Плохо мне… что-то душу наизнанку выворачивает, и скребёт по ней железной щёткой. Усталость и опустошение навалились тяжким грузом на плечи, пригибают спину и ноги. Уйти нельзя - торжественный приём, начавшийся почти сразу же после парада, в самом разгаре.

- Павел, ты как себя чувствуешь? - обеспокоенная долгим молчанием императрица заглядывает в лицо.

- Спасибо, дорогая, очень хреново.

- Исключительно коротко и точно. Хотя грубо.

- Душа моя, педерастическую утончённость натуры давай оставим недобитым мсье Робеспьером французским аристократам. Кстати, о них… Указ о выдворении Людовика Восемнадцатого из пределов Российской империи уже готов?

- Да, Ваше Императорское Величество, - не отходящий ни на шаг от августейшей четы Ростопчин предъявил пухлую папку. - Изволите взглянуть?

- Не хочу. Людям хоть иногда нужно верить на слово, не так ли? И в конце-то концов, долго ещё будешь около меня тереться? Походи, с народом поговори… придворные ведь тоже народ? Не знаешь? Вот и я не знаю. А чего у всех такие кислые рожи?

- Боятся бунтов, Ваше Императорское Величество.

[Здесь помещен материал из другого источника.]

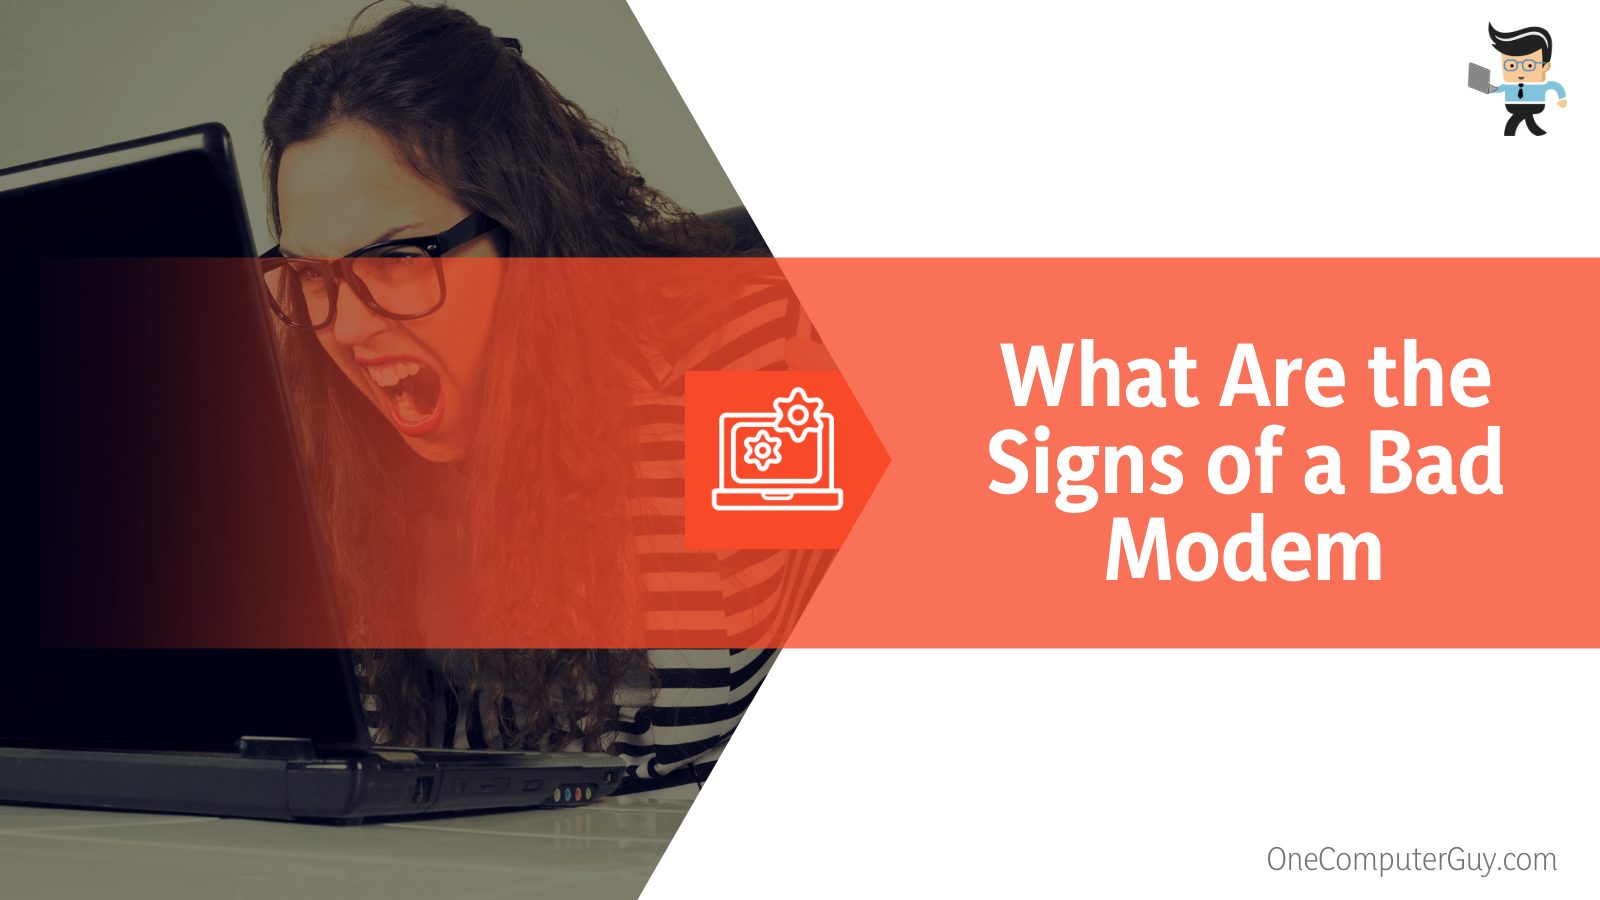 What Are the Signs of a Bad Modem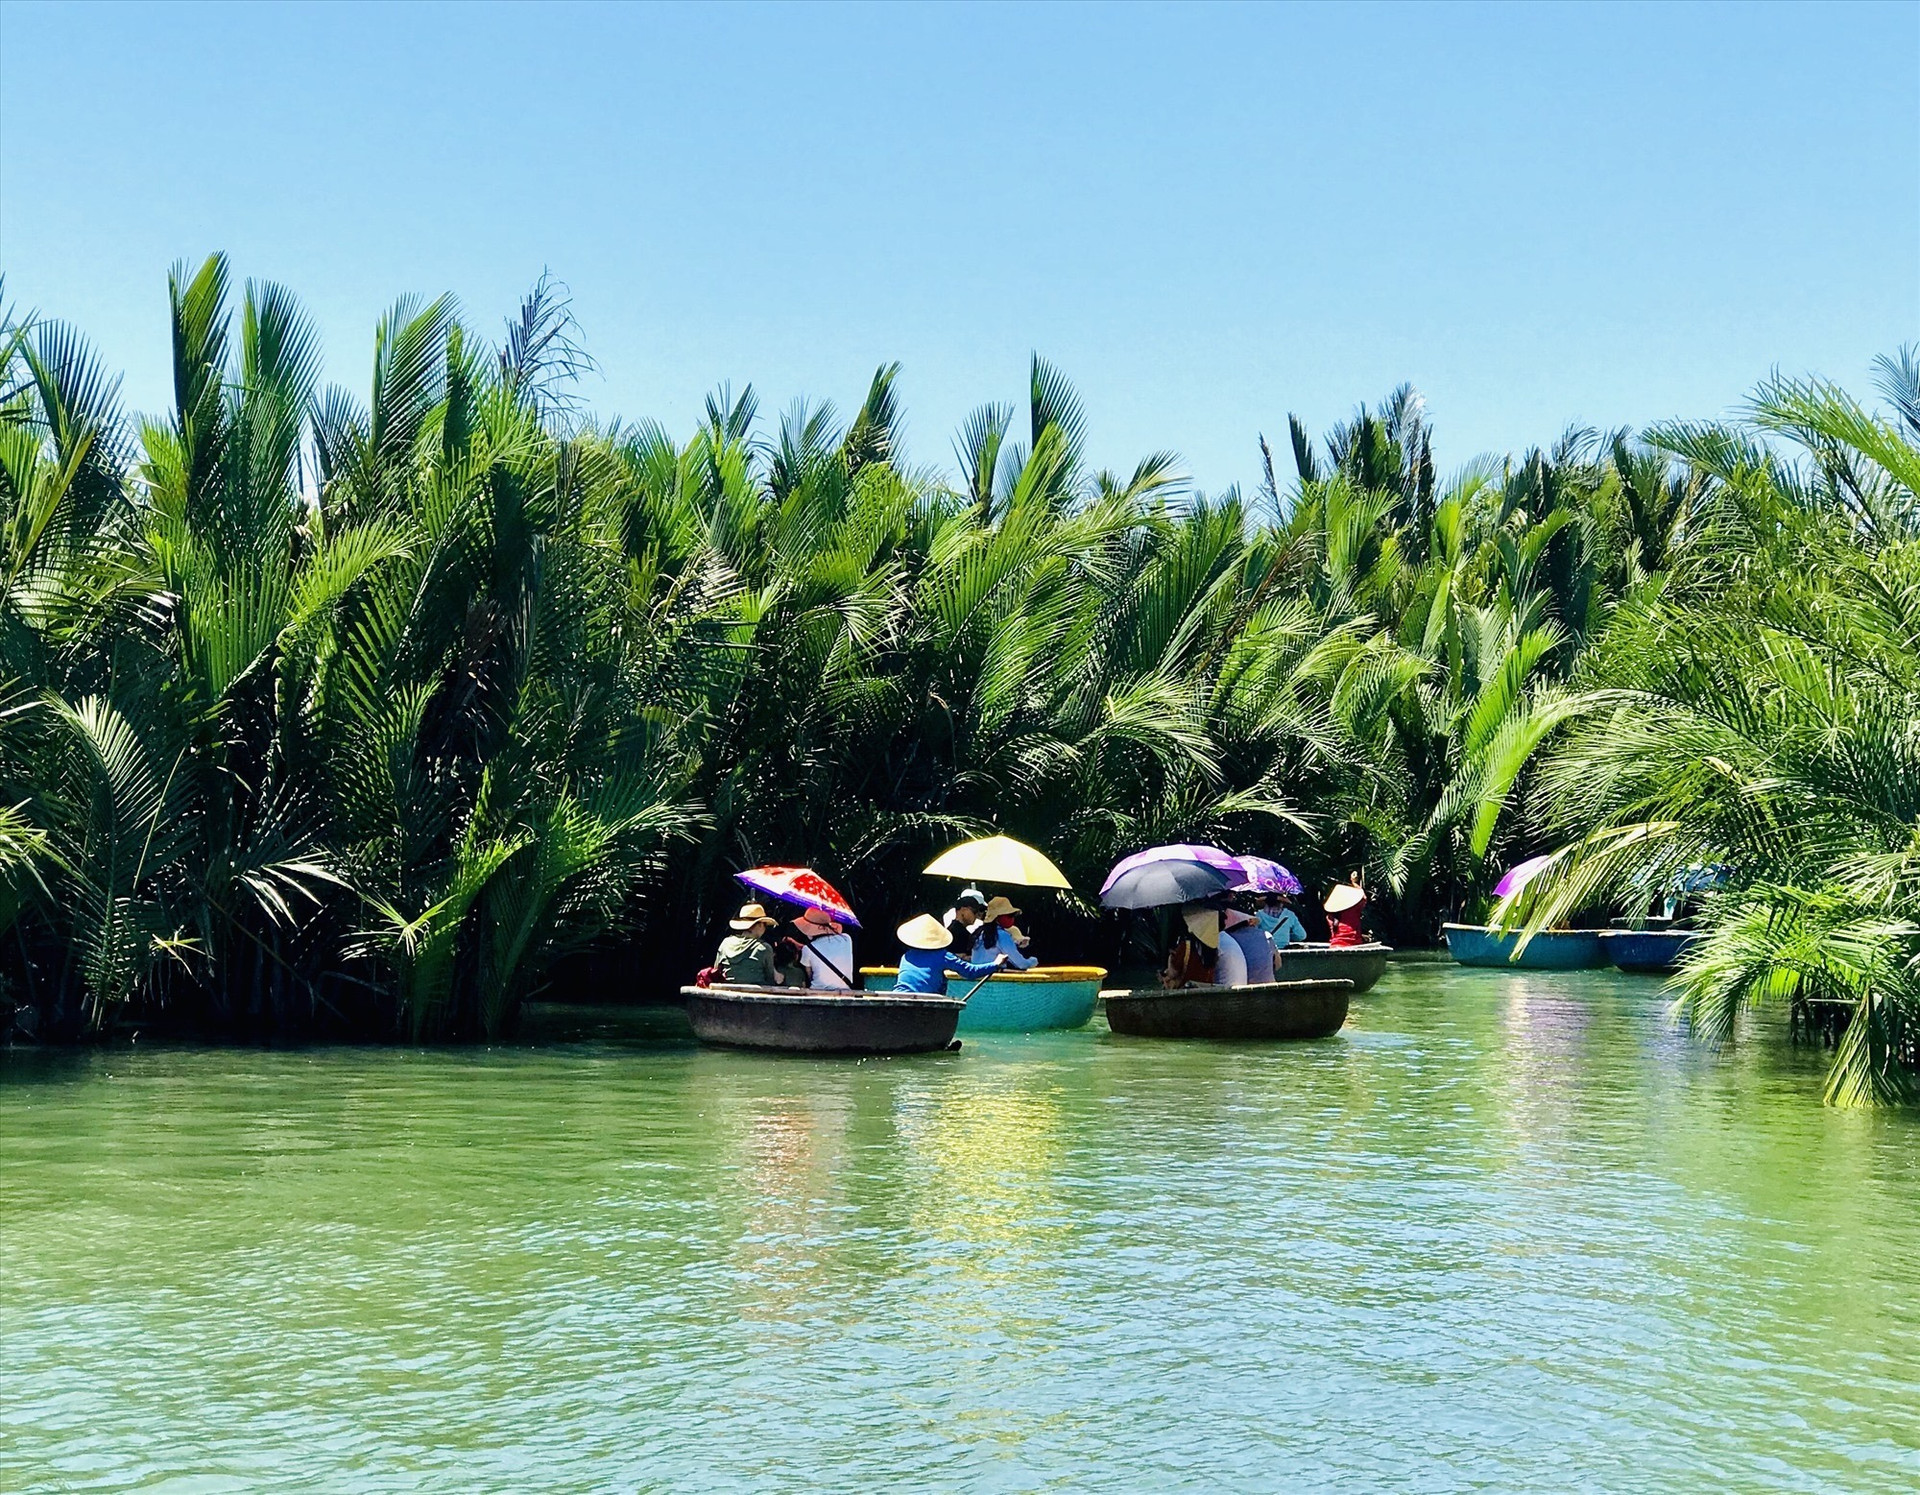 Visitors taking a sight-seeing tour around Bay Mau nipa palm forest by bamboo coracle

- Устроенных, несомненно, на английские деньги? Вроде того, что через месяц случится в имениях братьев Воронцовых?

Канцлер поперхнулся так и не начатой фразой:

- А-а-а…

- Фёдор Васильевич, право слово, при твоей должности нужно уметь хоть немного заглядывать в будущее.

- Извините, Ваше Императорское Величество, - Ростопчин выглядел слегка растерянным. - Я могу уже заняться подготовкой к… э-э-э… к заглядыванию?

- Несомненно, дорогой граф. И поговорите, на всякий случай, с отцом Николаем.

- Зачем?

- Мне почему-то думается, что он сможет присоветовать хороших специалистов по… хм… по изучению грядущего.

- Слушаюсь, государь!

Ушёл, да что там ушёл, почти убежал. Счастливый человек, сейчас займётся любимой работой, а кое-кому торчать тут до глубокой ночи, угрюмой рожей отпугивая желающих выразить своё восхищение. Восхищение чем? Уж не тем ли, что фактически отменил крепостное право и оставил придворных лизоблюдов без средств к существованию? Интересно, когда же до них это дойдёт? Видимо, никогда - самых сообразительных арестовали прямо во время речи. Или самых тупых, не догадавшихся спрятать недовольство?

Ладно, посмотрим, как завтра запоёте, когда обнародуют ещё кое-какие указы. Сюрпри-и-и-з!

- Павел? - Мария Фёдоровна опять обеспокоена.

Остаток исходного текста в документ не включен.